Canada’s top human rights, accessibility, and pay equity commissioners have welcomed the federal government’s new AI for All strategy while warning that artificial intelligence must not deepen existing inequalities.
In a joint statement released on June 8, the Canadian Human Rights Commission, the Office of the Accessibility Commissioner, and the Office of the Pay Equity Commissioner said AI has the potential to improve access to healthcare, public services, scientific research, and economic opportunities. However, they cautioned that poorly designed systems can also reproduce existing discrimination and barriers.
The statement comes days after Prime Minister Mark Carney unveiled AI for All, Canada’s new national artificial intelligence strategy, which aims to position Canada as a global AI leader while emphasizing public trust, economic growth, and digital sovereignty. The government says the strategy could generate 250,000 AI-related jobs, add $200 billion in economic growth, and increase AI adoption among Canadian businesses from roughly 12% today to 60% by 2034.
The strategy is built around three core priorities: trust, opportunity, and sovereignty. It includes investments in domestic computing infrastructure, AI skills training, commercialization support for Canadian companies, stronger privacy protections, and expanded oversight of advanced AI systems. Canada also plans to establish a C$500 million technology growth fund to help domestic AI firms scale while keeping talent and intellectual property inside the country.
Human rights officials said those ambitions must be matched by strong safeguards.
“Artificial intelligence must advance, not undermine, the enjoyment of human rights in Canada,” said Chief Commissioner Charlotte-Anne Malischewski, arguing that governments cannot wait until harms emerge before acting.
The commissioners called for mandatory human-rights impact assessments, stronger oversight, transparent data practices, and meaningful representation of Indigenous peoples, people with disabilities, women, and racialized communities in AI development. They also highlighted concerns about the environmental impact of large-scale AI infrastructure and the potential consequences of workforce disruption.
Accessibility Commissioner Christopher Sutton described AI as potentially “one of the most transformative accessibility tools of our generation,” but stressed that accessibility must be built into systems from the start rather than added later.
The statement reflects a broader debate taking place globally as governments race to invest in artificial intelligence while simultaneously trying to regulate its risks. Canada was an early leader in AI research through institutions such as Mila, the Vector Institute, and Amii, but policymakers have increasingly focused on converting that research advantage into economic growth without sacrificing public trust.
ONEST Take
Many governments are currently framing AI as an economic race. Canada’s approach is notable because it is trying to frame AI as a governance challenge as well.

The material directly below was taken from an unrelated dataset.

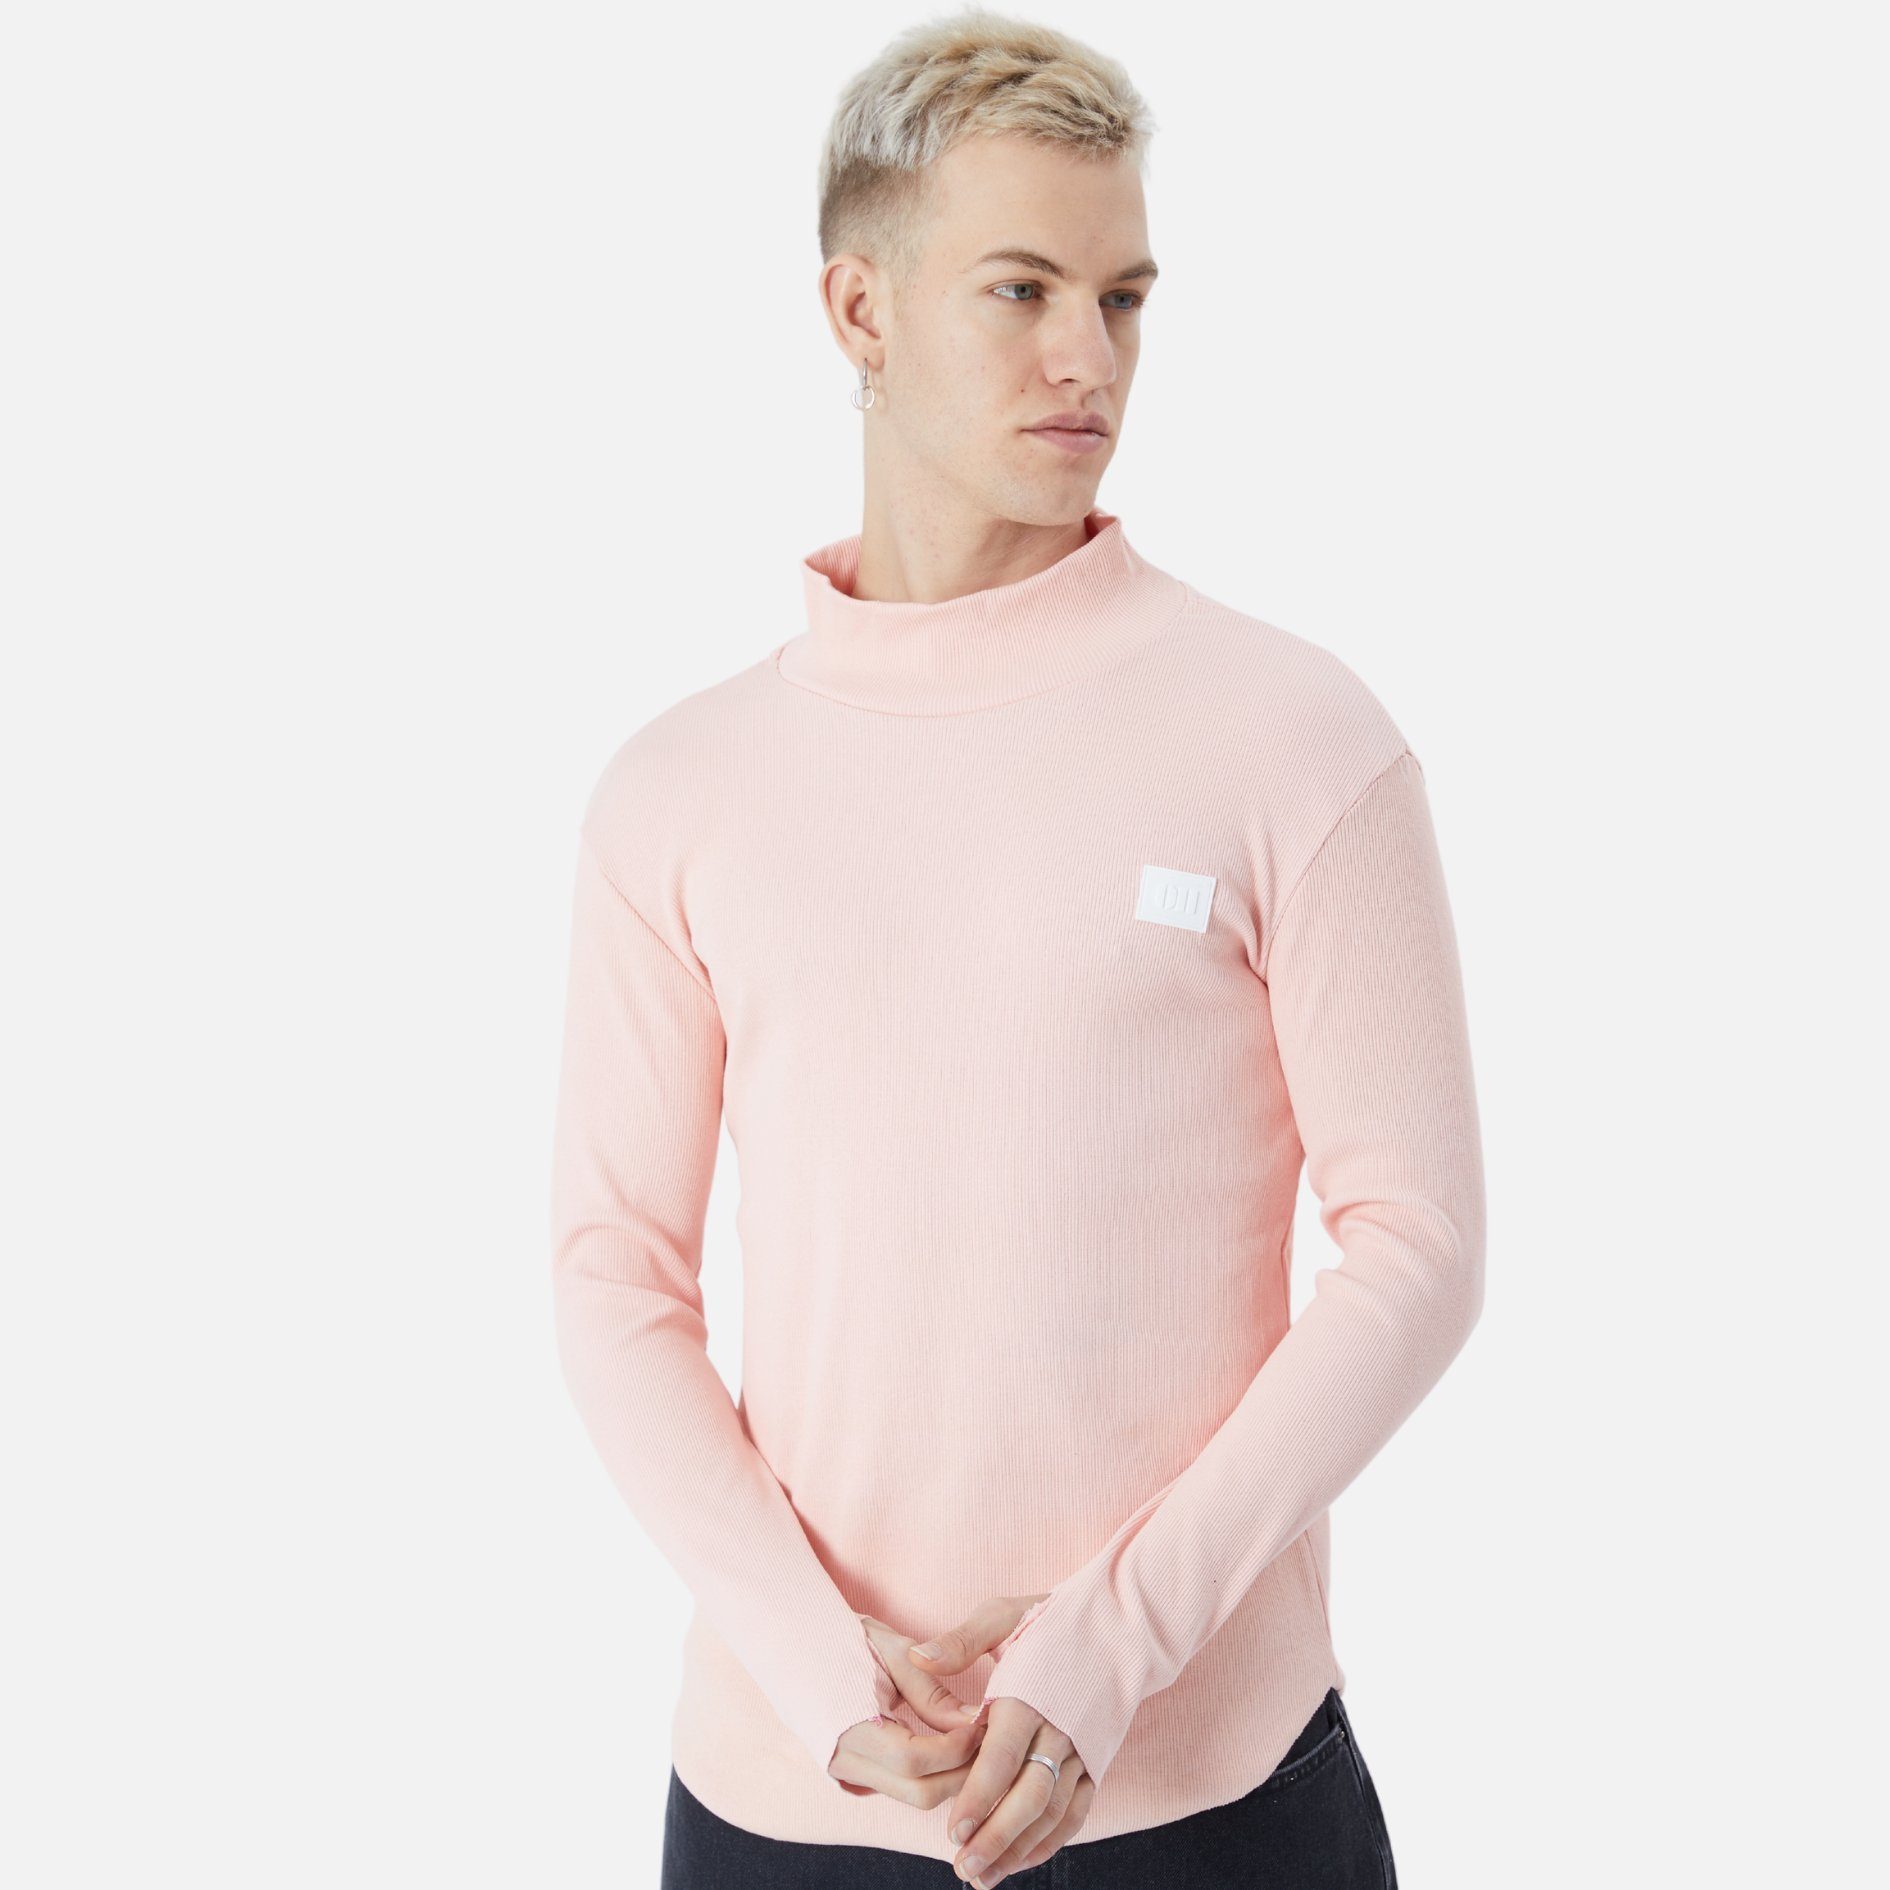 Sweatshirt Rundhals Rosa Sweatshirt COFI Herren Pullover Fit Regular Casuals

The real test of “AI for All” will not be how many AI companies Canada creates or how much investment it attracts. It will be whether Canadians can trust that algorithms making decisions about employment, healthcare, housing, benefits, or education are transparent, accountable, and fair.
If Canada succeeds, it could become a model for balancing innovation with rights. If it fails, it risks automating the very inequalities it says it wants to solve.